[Source data Boundary: Start]

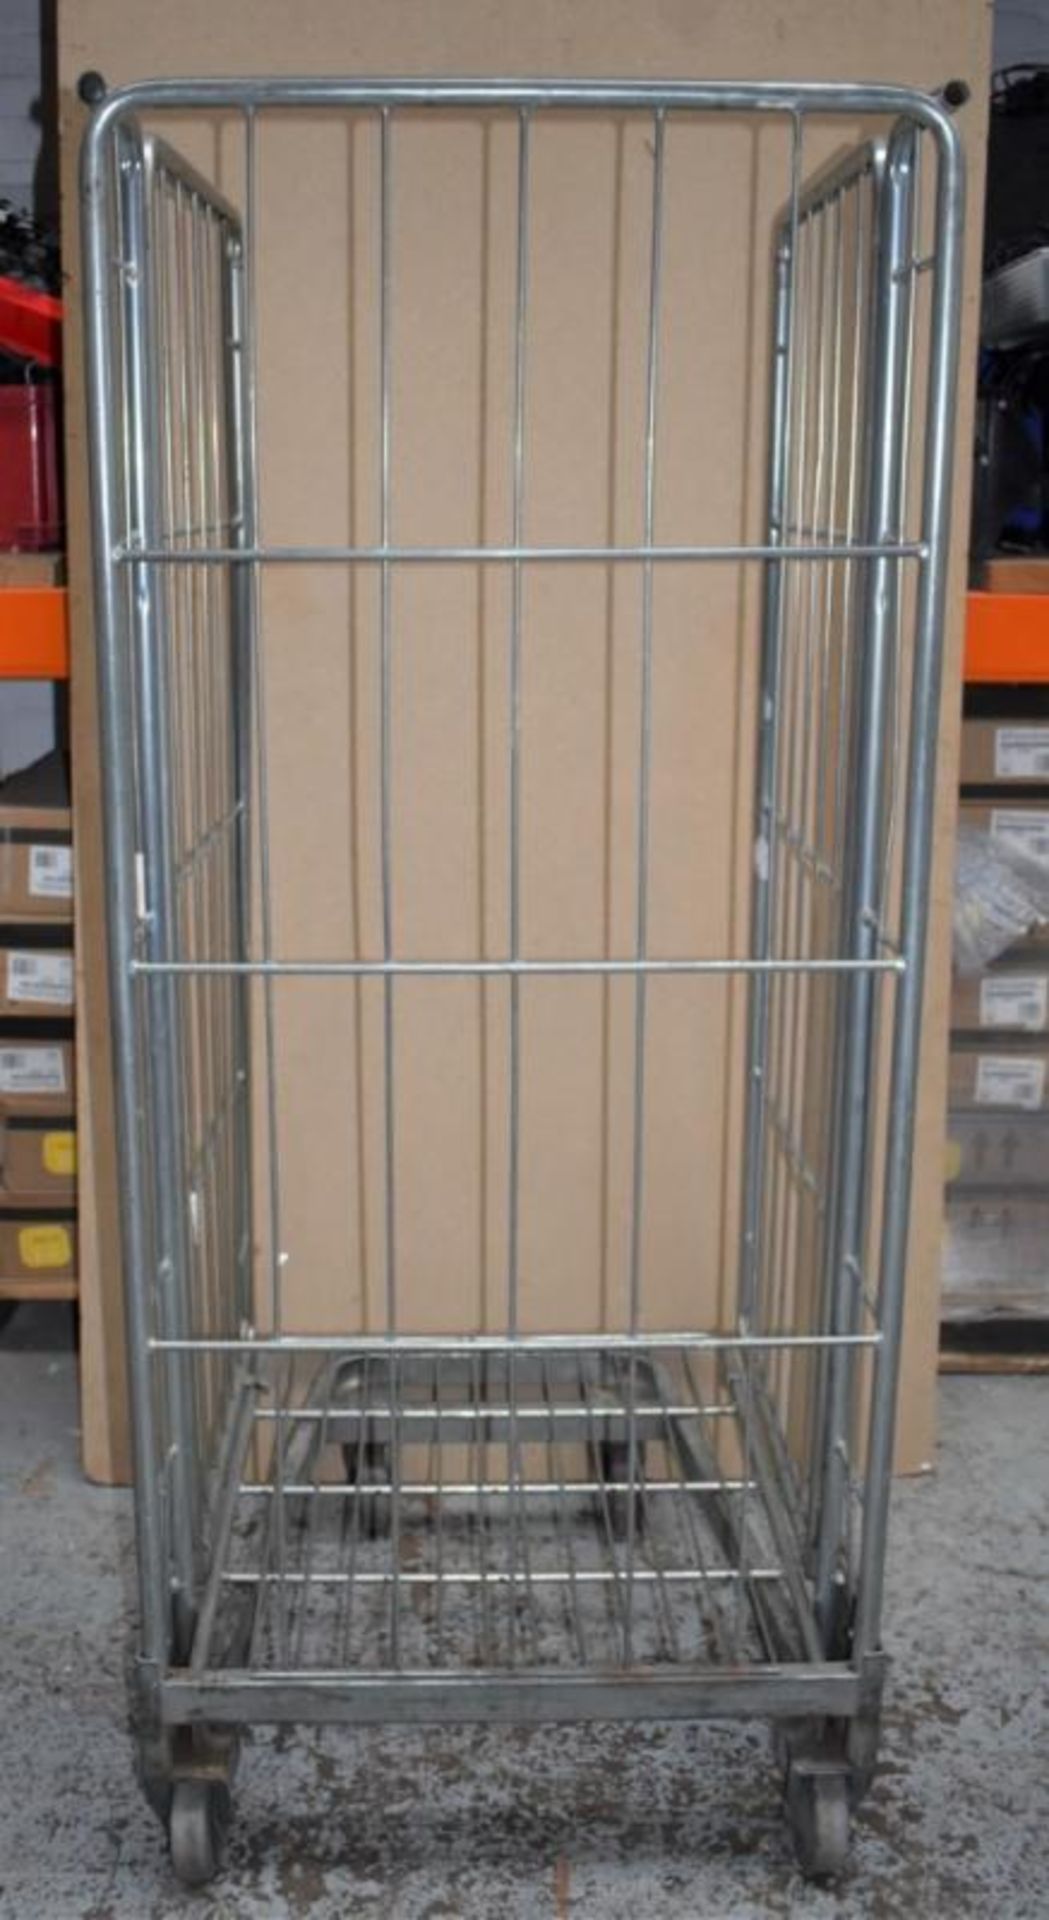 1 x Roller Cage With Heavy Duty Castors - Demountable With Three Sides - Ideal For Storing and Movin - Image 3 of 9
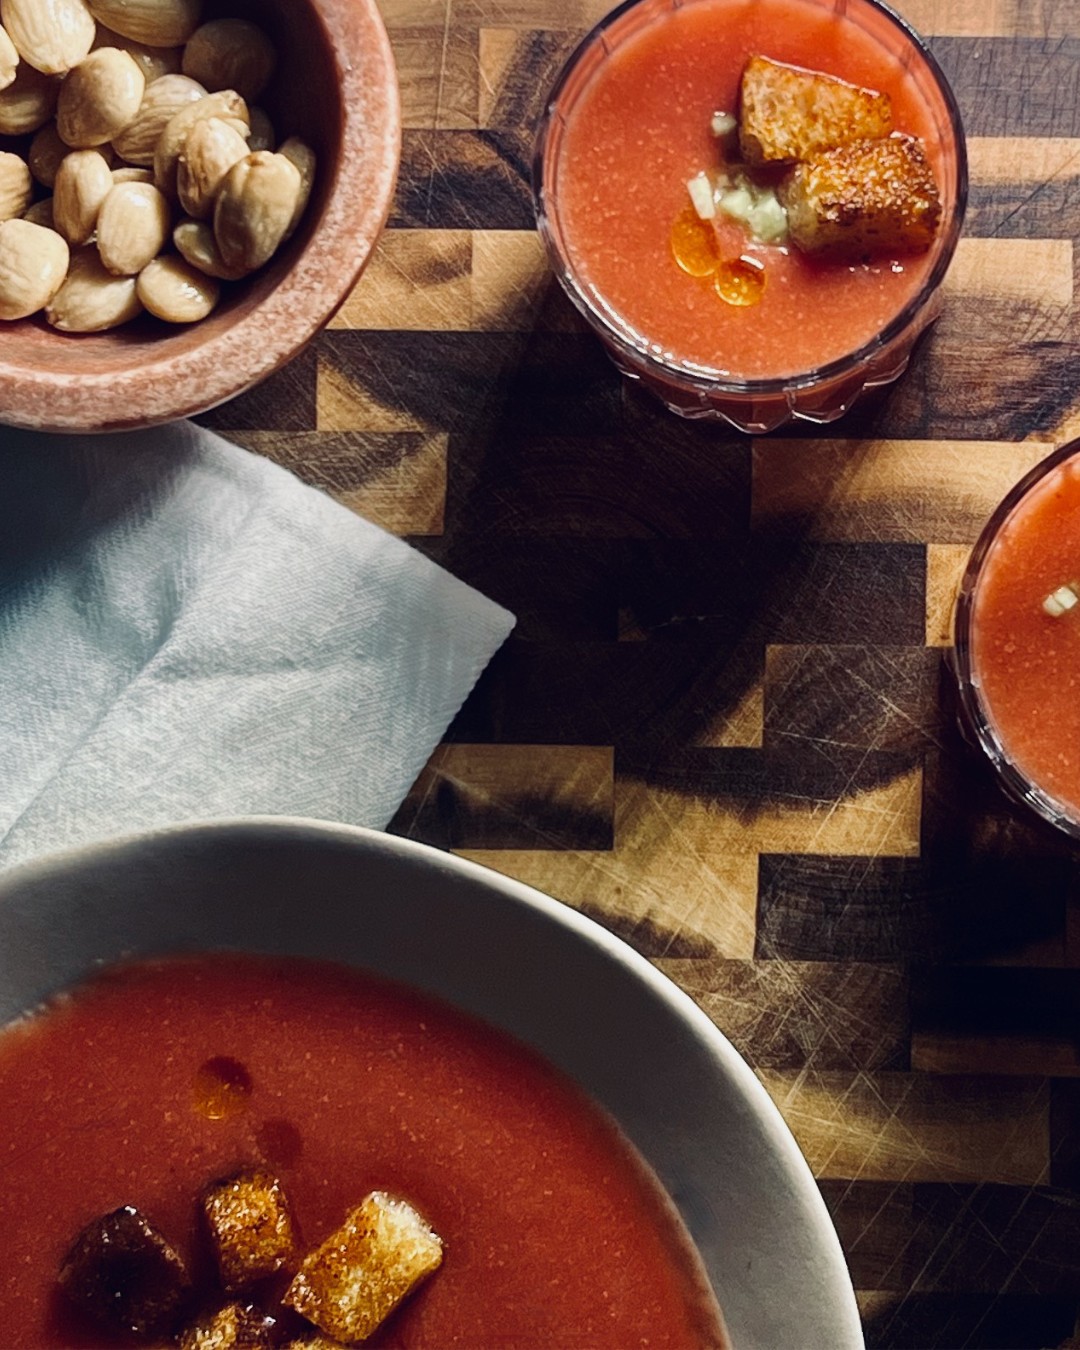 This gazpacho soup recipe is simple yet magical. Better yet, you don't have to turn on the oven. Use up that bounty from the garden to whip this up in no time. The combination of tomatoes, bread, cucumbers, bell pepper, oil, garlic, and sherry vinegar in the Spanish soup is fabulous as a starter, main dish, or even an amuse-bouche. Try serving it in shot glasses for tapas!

[Source data Boundary: End]
[Source data Boundary: Start]

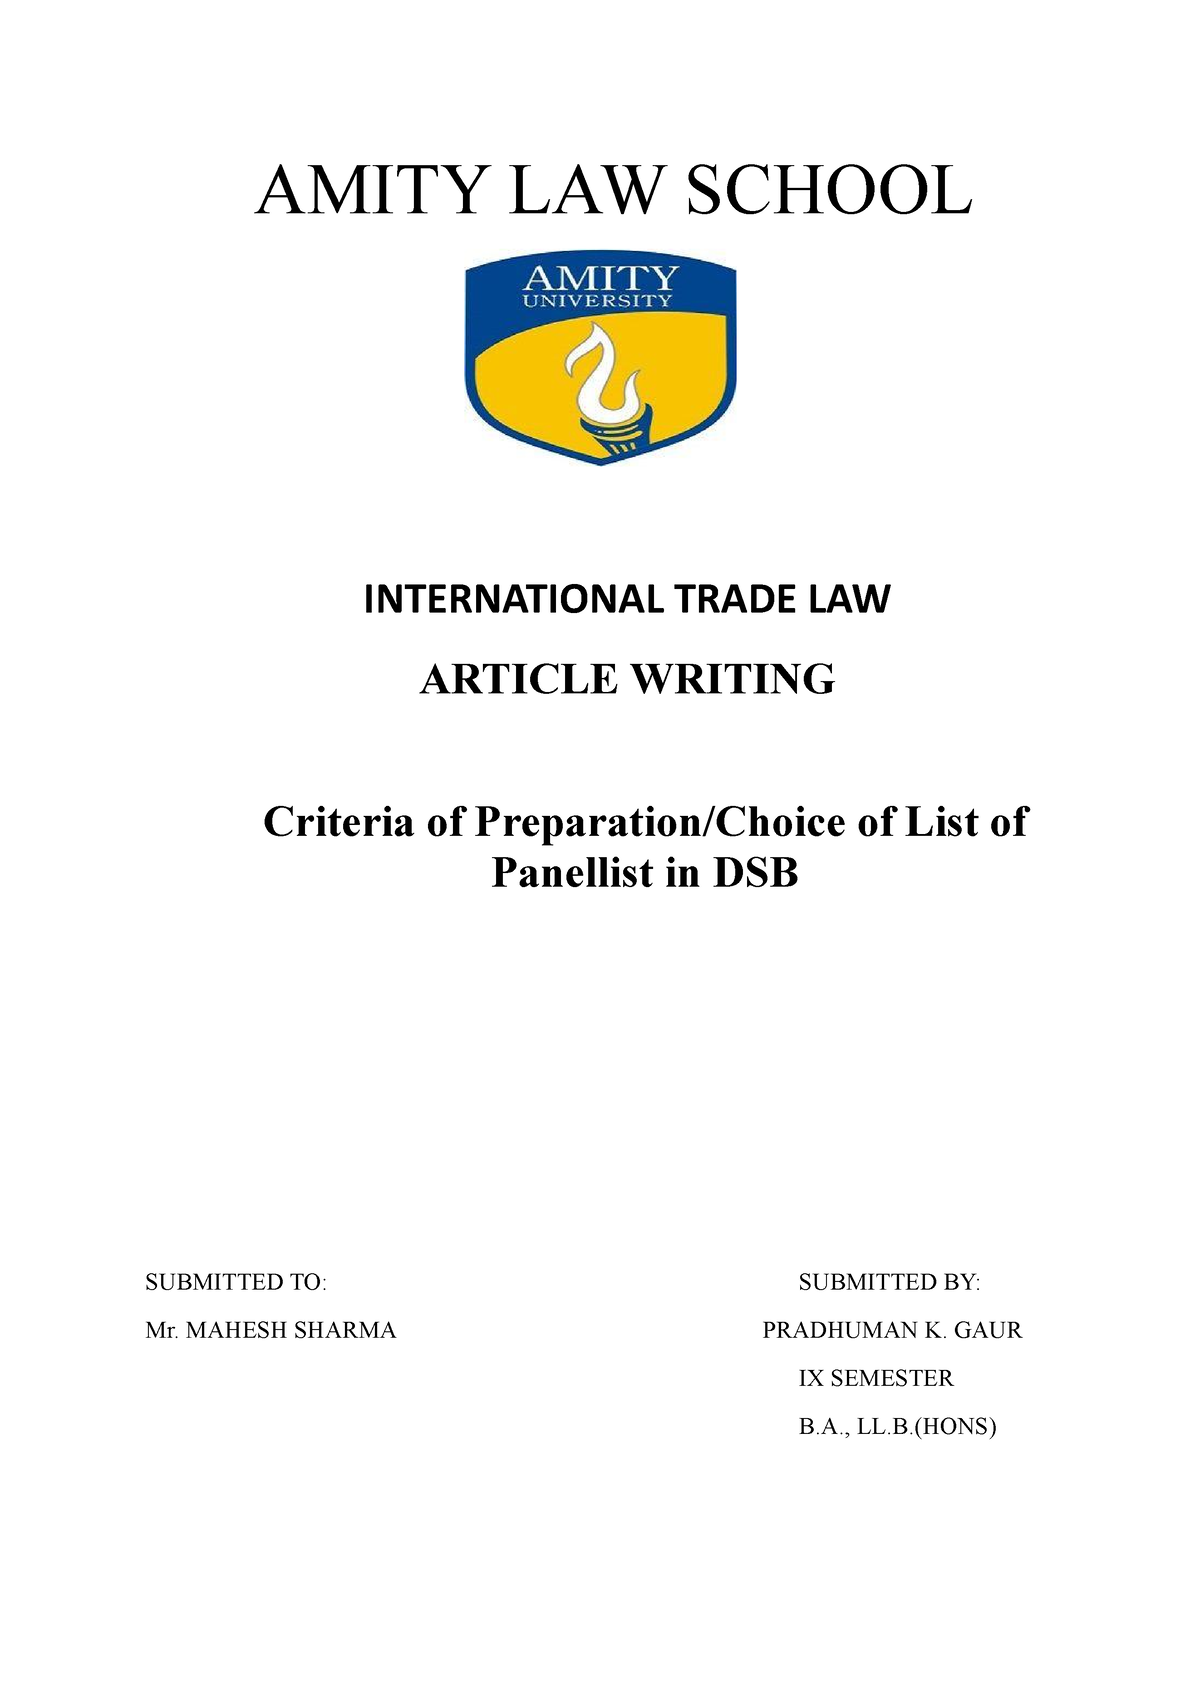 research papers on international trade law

[Source data Boundary: End]

* _What is expected_:
Look above for the line containing "1 x Roller Cage", then copy exactly from it through the line containing "This gazpacho soup", keeping both and leaving out pictures. Add nothing else.

* _Result of the task_:
 1 x Roller Cage With Heavy Duty Castors - Demountable With Three Sides - Ideal For Storing and Movin - Image 3 of 9
 This gazpacho soup recipe is simple yet magical. Better yet, you don't have to turn on the oven. Use up that bounty from the garden to whip this up in no time. The combination of tomatoes, bread, cucumbers, bell pepper, oil, garlic, and sherry vinegar in the Spanish soup is fabulous as a starter, main dish, or even an amuse-bouche. Try serving it in shot glasses for tapas!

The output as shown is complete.